Uganda's Economic and Political Ambitions

Uganda's security policy is intertwined with economic interests and domestic and regional political objectives. As a member of the East African Community, Uganda has supported efforts to integrate regional economies and develop regional infrastructure. For Uganda, infrastructure is critical; the landlocked country has no direct access to seaports for trade except through Kenya. Plans for a new corridor connecting Uganda to the Kenyan port of Lamu are in the works. Uganda and Kenya are also trying to construct a crude oil pipeline that would enable Uganda to export oil from fields currently under development. Other projects that would expand the connection between Uganda and Kenya are still in the early stages, and financing has not been secured for portions of the new infrastructure. Other East African countries are also pursuing greater integration; Kenya, for example, drives integration efforts in order to retain its status as a diplomatic and commercial leader in the region.

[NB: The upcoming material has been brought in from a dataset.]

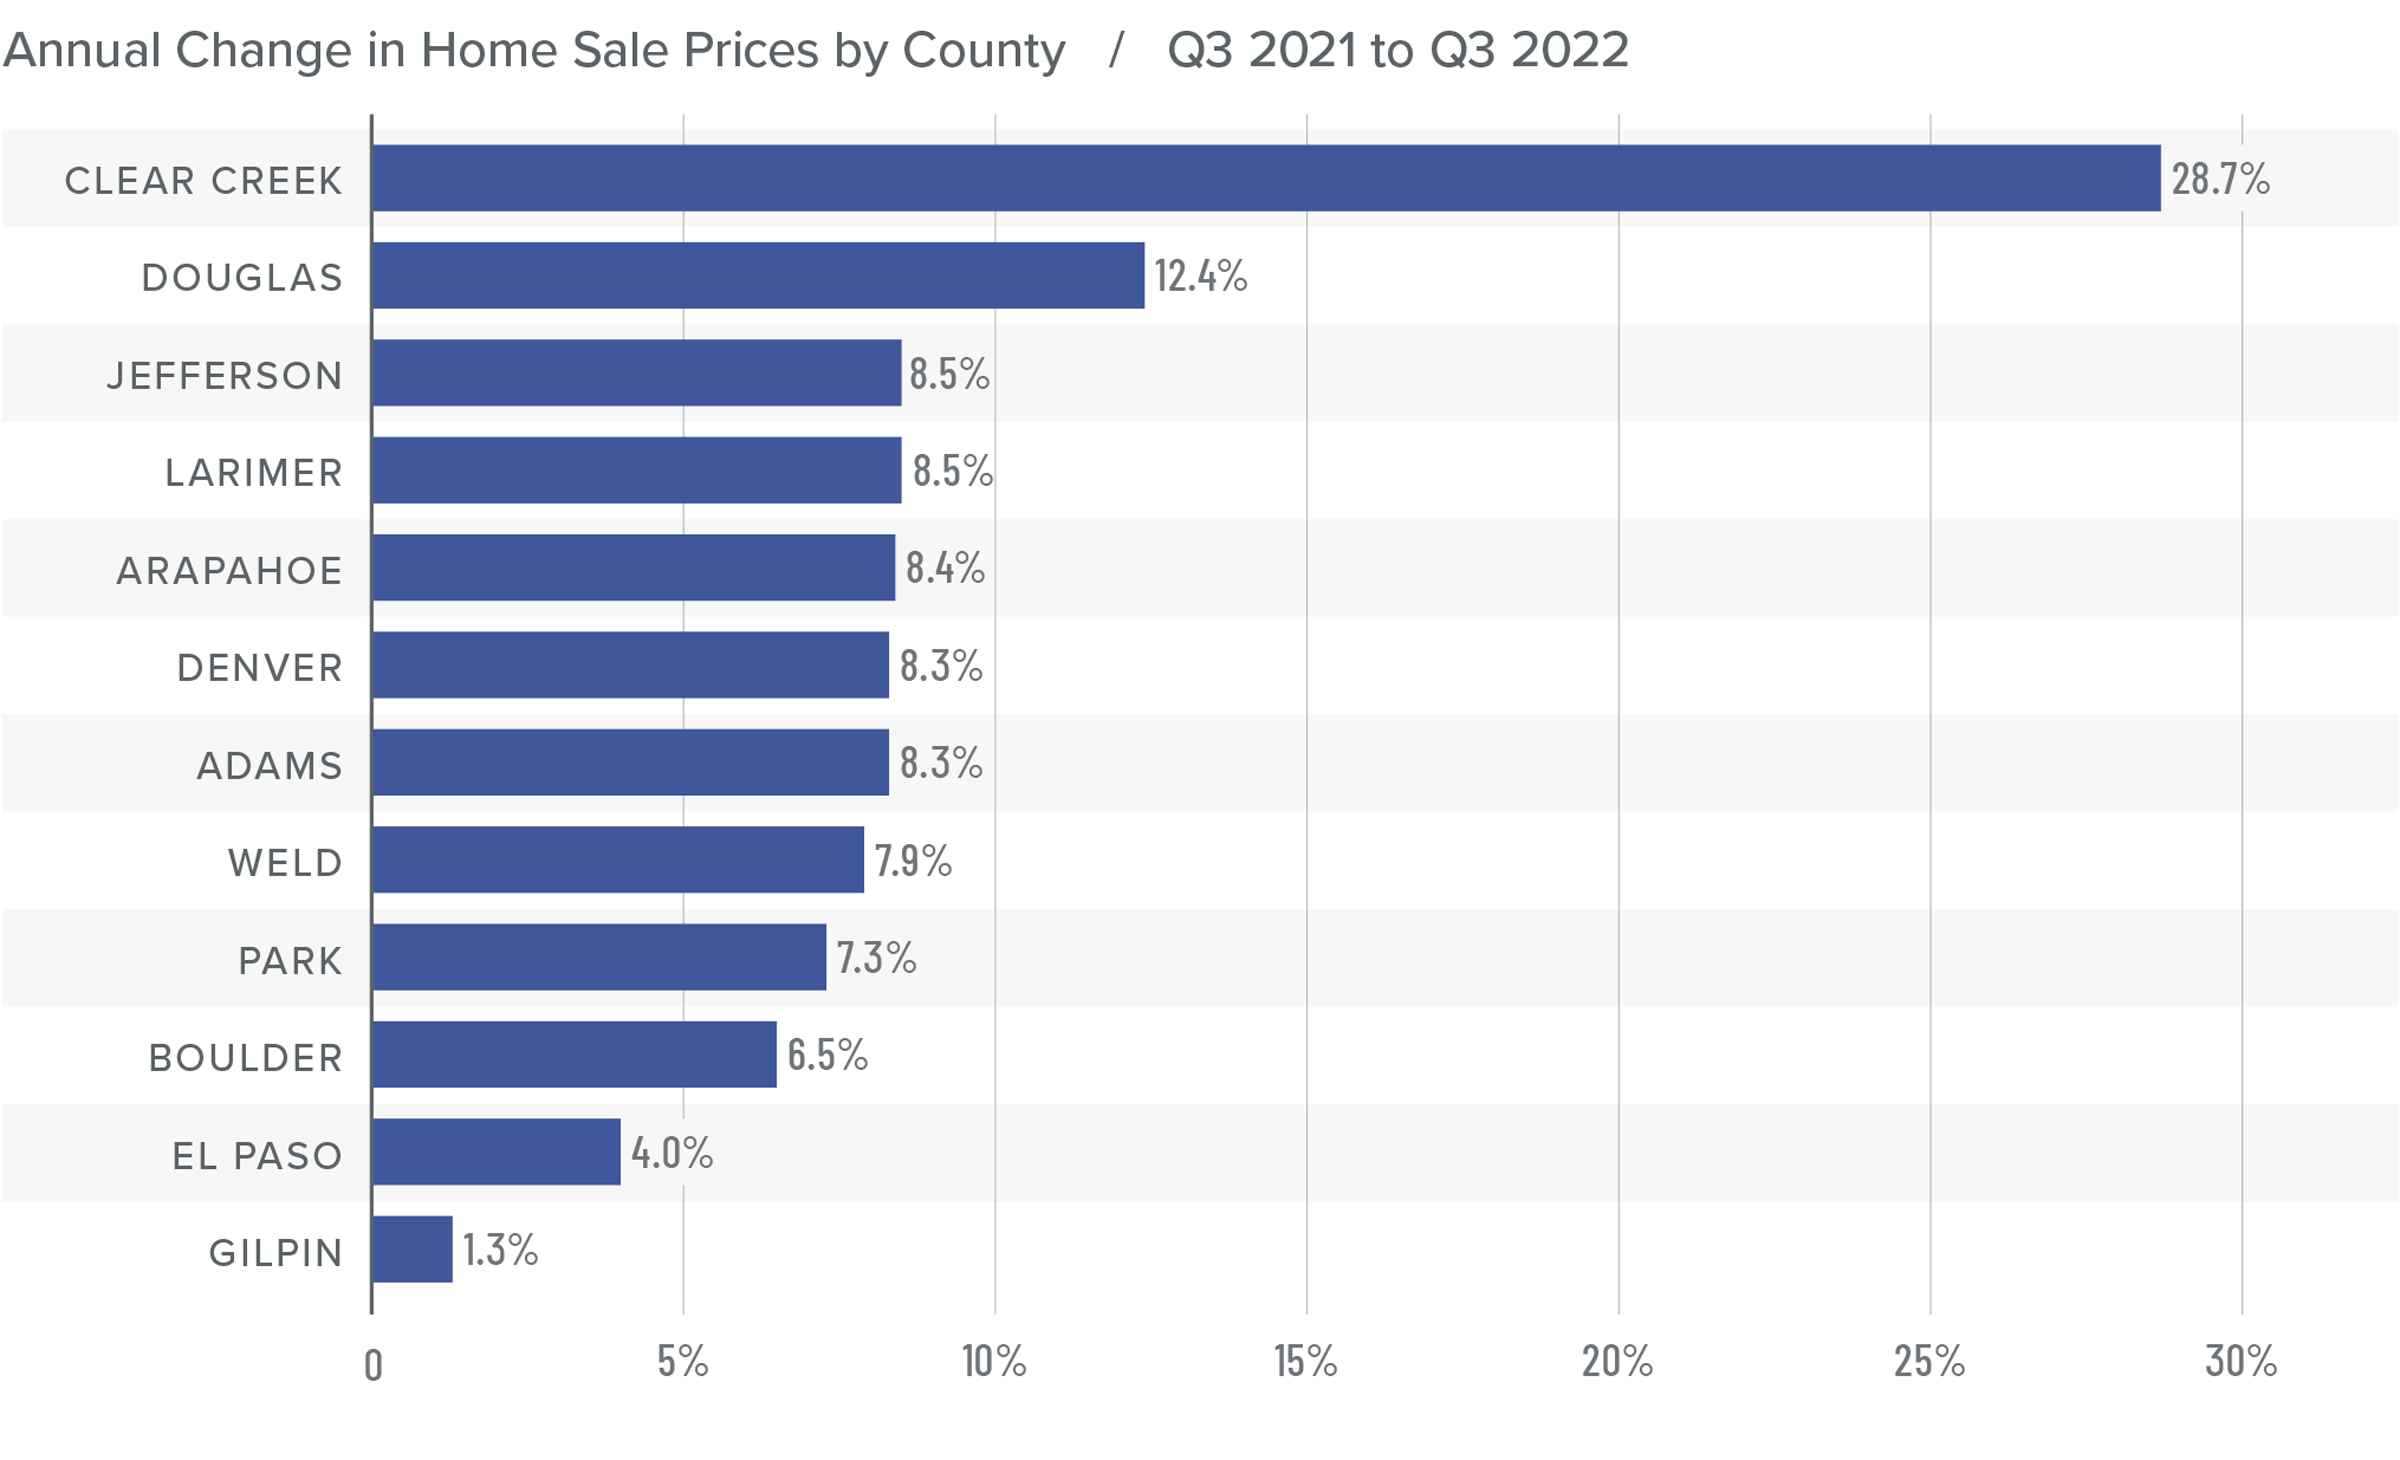 A bar graph showing the annual change in home sale prices for various counties in Colorado from Q3 2021 to Q3 2022. Clear Creek County tops the list at 28.7%, followed by Douglas at 12.4%, Jefferson and Larimer at 8.5%, Arapahoe at 8.4%, Denver and Adams at 8.3%, Weld at 7.9%, Park at 7.3%, Boulder 6.5%, El Paso 4%, and Gilpin 1.3%.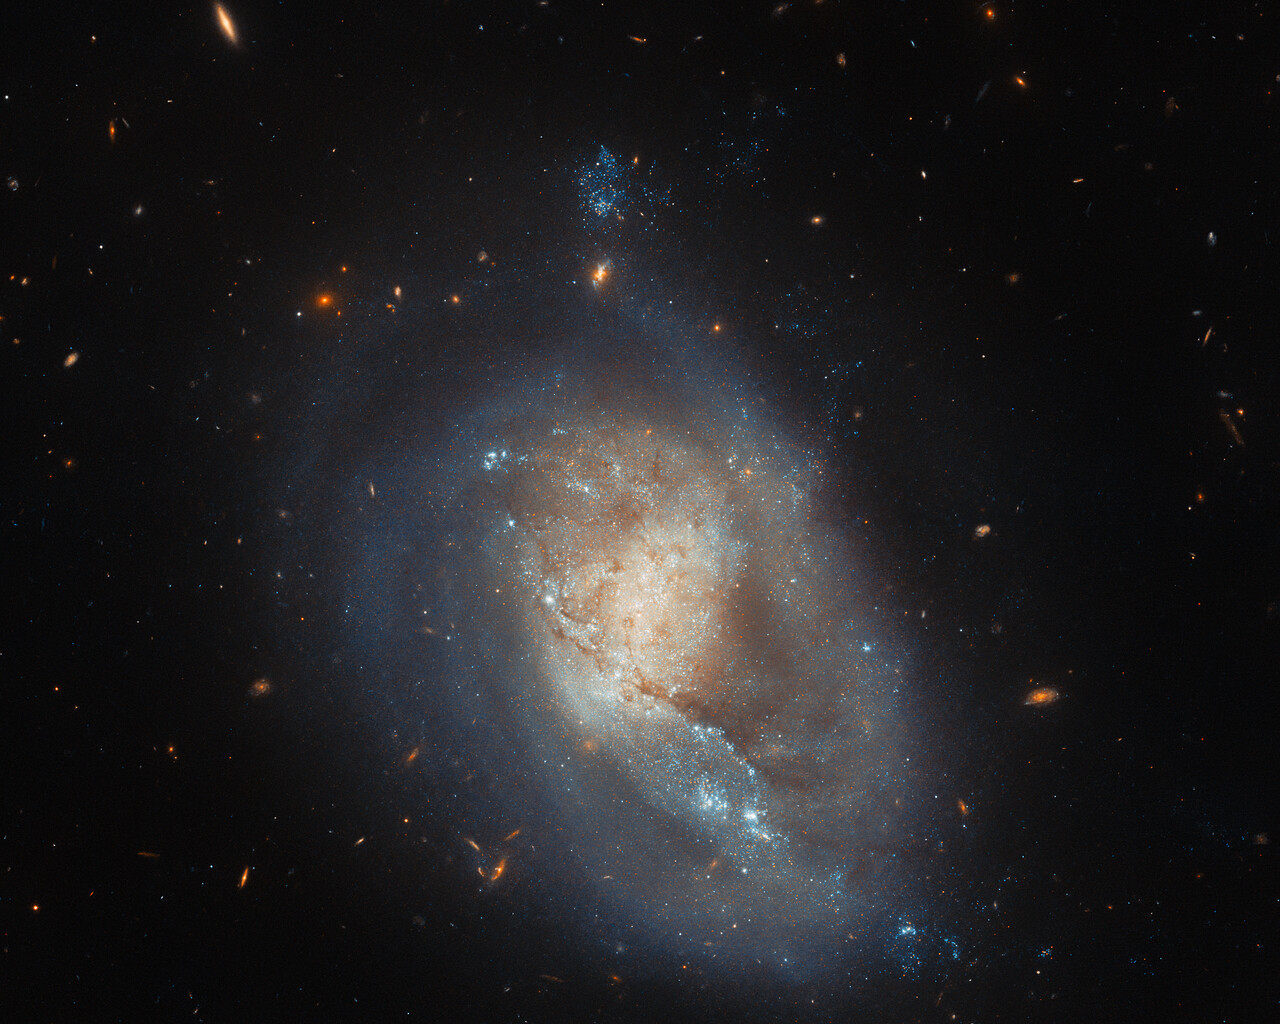 This dwarf galaxy isn't as serene as it might appear in latest Hubble image

Considering the importance of a strong, centralized leadership in Uganda, Museveni's personal ambition to remain president for life also guides Uganda's trajectory. Right now, Museveni is able to continue ruling with no limitations on the number of terms he can serve. However, serious opposition to presidential term extensions in Burundi, Rwanda and the Democratic Republic of the Congo has shown the liabilities of long-term authoritarian rule. Museveni still enjoys substantial support in Uganda and has no immediate concerns, but when the inevitable succession occurs, it will determine whether Uganda's regional policies will remain intact.